ABOUT THIS EXERCISE
When you reach the line that contains "Reproduction forbidden without" in the data below, start reproducing lines exactly, and stop after the line that contains "Nike Air Force".

(Collected data entries)
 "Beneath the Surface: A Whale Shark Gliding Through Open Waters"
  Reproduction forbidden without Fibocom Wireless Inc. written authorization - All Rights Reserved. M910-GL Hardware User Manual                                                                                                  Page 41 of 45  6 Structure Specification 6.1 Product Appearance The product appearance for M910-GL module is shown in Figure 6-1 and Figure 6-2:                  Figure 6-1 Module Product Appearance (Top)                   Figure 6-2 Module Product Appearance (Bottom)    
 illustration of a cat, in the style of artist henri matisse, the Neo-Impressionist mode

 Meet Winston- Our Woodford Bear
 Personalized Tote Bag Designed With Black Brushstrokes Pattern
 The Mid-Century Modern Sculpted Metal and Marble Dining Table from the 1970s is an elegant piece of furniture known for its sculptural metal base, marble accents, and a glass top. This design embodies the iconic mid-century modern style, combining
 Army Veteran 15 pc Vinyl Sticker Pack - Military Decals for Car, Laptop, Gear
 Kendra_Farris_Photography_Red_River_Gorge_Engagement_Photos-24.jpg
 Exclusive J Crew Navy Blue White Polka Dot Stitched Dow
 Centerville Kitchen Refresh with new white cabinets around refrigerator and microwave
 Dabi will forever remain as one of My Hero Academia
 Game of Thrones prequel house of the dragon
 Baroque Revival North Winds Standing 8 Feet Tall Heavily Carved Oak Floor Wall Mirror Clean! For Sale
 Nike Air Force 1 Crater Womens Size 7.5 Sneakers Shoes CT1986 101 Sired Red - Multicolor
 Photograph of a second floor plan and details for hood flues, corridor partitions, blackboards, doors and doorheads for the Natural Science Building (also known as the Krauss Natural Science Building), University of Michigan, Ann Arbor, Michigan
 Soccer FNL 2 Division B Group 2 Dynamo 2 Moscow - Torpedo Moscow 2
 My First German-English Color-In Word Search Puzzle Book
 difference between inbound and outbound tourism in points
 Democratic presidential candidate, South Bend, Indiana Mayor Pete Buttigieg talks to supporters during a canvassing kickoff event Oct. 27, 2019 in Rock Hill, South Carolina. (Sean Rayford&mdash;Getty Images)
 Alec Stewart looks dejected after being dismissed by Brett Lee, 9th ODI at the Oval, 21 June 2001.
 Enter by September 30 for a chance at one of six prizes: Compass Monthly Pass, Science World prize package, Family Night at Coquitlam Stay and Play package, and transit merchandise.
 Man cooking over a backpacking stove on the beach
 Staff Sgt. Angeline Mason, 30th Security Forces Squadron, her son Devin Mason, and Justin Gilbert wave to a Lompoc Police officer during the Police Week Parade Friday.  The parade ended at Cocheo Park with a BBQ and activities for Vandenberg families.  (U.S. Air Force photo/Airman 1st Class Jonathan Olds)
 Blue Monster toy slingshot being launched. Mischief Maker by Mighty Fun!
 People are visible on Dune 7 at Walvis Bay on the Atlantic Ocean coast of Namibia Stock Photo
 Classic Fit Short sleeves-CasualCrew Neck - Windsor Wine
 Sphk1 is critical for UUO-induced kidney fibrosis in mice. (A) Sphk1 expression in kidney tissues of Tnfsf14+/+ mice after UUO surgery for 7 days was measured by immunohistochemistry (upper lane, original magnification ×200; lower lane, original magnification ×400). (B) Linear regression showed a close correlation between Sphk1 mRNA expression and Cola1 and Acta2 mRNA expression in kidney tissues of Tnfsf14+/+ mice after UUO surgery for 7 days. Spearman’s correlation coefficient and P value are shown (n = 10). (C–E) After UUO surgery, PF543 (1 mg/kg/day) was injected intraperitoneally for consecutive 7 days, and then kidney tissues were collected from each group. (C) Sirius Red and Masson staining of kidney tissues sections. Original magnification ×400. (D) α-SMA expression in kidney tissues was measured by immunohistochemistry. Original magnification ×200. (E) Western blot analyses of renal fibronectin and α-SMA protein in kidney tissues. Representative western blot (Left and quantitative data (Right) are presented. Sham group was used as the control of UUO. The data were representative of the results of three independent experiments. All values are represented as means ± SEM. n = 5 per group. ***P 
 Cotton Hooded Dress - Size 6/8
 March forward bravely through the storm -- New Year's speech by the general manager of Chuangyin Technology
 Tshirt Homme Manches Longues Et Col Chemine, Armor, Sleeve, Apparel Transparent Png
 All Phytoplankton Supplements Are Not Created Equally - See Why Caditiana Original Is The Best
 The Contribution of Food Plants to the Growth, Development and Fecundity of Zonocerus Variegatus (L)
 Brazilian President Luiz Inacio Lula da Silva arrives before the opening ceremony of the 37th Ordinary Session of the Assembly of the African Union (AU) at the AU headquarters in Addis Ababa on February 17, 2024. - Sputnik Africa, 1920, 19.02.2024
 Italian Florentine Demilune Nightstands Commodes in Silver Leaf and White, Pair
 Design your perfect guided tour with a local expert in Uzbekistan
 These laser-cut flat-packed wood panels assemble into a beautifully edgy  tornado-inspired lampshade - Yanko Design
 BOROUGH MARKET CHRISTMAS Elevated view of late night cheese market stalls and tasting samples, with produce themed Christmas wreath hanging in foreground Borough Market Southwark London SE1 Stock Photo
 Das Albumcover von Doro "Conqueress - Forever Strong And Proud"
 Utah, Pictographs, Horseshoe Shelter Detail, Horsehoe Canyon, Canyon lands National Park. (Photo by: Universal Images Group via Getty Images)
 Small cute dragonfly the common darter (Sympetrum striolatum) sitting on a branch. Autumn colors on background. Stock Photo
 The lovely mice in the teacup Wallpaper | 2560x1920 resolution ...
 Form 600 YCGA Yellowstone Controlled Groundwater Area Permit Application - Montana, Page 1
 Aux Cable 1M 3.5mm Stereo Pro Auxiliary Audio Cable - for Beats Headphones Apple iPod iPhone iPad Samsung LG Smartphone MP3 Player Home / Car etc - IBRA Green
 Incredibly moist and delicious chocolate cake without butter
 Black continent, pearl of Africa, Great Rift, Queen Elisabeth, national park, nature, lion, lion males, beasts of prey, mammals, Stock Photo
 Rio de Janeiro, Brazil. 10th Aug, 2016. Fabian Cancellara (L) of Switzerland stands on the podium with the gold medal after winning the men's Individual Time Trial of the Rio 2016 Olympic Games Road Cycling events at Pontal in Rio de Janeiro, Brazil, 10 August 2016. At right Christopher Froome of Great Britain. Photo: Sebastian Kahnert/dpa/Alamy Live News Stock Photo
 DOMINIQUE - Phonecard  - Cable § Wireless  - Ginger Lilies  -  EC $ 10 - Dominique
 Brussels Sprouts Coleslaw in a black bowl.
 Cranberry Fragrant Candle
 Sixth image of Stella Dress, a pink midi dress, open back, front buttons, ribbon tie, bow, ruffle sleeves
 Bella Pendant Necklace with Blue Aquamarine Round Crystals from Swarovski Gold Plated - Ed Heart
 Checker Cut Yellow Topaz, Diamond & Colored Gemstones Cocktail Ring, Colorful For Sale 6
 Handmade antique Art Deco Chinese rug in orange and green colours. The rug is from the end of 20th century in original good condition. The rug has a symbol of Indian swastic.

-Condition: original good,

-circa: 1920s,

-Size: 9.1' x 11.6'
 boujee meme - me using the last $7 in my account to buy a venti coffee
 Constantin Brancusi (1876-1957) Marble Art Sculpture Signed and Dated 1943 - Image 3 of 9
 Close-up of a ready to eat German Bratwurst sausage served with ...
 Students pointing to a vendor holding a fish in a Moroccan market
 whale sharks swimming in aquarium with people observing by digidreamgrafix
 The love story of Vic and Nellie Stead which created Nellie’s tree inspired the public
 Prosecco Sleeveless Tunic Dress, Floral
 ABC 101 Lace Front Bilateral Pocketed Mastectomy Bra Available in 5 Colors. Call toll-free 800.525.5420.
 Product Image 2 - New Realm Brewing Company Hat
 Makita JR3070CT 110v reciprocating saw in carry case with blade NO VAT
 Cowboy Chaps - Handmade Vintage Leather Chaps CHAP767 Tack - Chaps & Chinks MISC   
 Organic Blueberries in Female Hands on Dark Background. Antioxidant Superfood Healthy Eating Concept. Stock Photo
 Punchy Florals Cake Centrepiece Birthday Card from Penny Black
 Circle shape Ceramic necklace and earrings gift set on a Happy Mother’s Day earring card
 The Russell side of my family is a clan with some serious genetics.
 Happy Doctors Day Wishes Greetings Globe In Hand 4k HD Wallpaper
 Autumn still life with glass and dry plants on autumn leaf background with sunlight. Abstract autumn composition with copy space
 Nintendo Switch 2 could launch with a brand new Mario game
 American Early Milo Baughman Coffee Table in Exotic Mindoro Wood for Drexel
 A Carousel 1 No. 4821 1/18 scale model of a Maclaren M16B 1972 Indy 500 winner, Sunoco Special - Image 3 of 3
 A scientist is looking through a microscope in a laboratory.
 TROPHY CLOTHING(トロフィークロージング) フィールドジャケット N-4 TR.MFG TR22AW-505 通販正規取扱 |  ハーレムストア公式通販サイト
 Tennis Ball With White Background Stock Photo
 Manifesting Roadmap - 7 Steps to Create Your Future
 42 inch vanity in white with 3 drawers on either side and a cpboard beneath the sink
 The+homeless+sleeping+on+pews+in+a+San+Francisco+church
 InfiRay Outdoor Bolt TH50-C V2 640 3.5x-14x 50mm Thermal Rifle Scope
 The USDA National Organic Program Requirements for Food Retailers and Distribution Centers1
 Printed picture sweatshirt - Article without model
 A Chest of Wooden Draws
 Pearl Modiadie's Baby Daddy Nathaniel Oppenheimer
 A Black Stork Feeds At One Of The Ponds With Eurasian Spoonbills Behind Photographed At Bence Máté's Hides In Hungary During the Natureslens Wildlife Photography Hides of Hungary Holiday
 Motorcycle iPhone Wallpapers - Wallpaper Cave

RESPONSE AREA
  Reproduction forbidden without Fibocom Wireless Inc. written authorization - All Rights Reserved. M910-GL Hardware User Manual                                                                                                  Page 41 of 45  6 Structure Specification 6.1 Product Appearance The product appearance for M910-GL module is shown in Figure 6-1 and Figure 6-2:                  Figure 6-1 Module Product Appearance (Top)                   Figure 6-2 Module Product Appearance (Bottom)    
 illustration of a cat, in the style of artist henri matisse, the Neo-Impressionist mode

 Meet Winston- Our Woodford Bear
 Personalized Tote Bag Designed With Black Brushstrokes Pattern
 The Mid-Century Modern Sculpted Metal and Marble Dining Table from the 1970s is an elegant piece of furniture known for its sculptural metal base, marble accents, and a glass top. This design embodies the iconic mid-century modern style, combining
 Army Veteran 15 pc Vinyl Sticker Pack - Military Decals for Car, Laptop, Gear
 Kendra_Farris_Photography_Red_River_Gorge_Engagement_Photos-24.jpg
 Exclusive J Crew Navy Blue White Polka Dot Stitched Dow
 Centerville Kitchen Refresh with new white cabinets around refrigerator and microwave
 Dabi will forever remain as one of My Hero Academia
 Game of Thrones prequel house of the dragon
 Baroque Revival North Winds Standing 8 Feet Tall Heavily Carved Oak Floor Wall Mirror Clean! For Sale
 Nike Air Force 1 Crater Womens Size 7.5 Sneakers Shoes CT1986 101 Sired Red - Multicolor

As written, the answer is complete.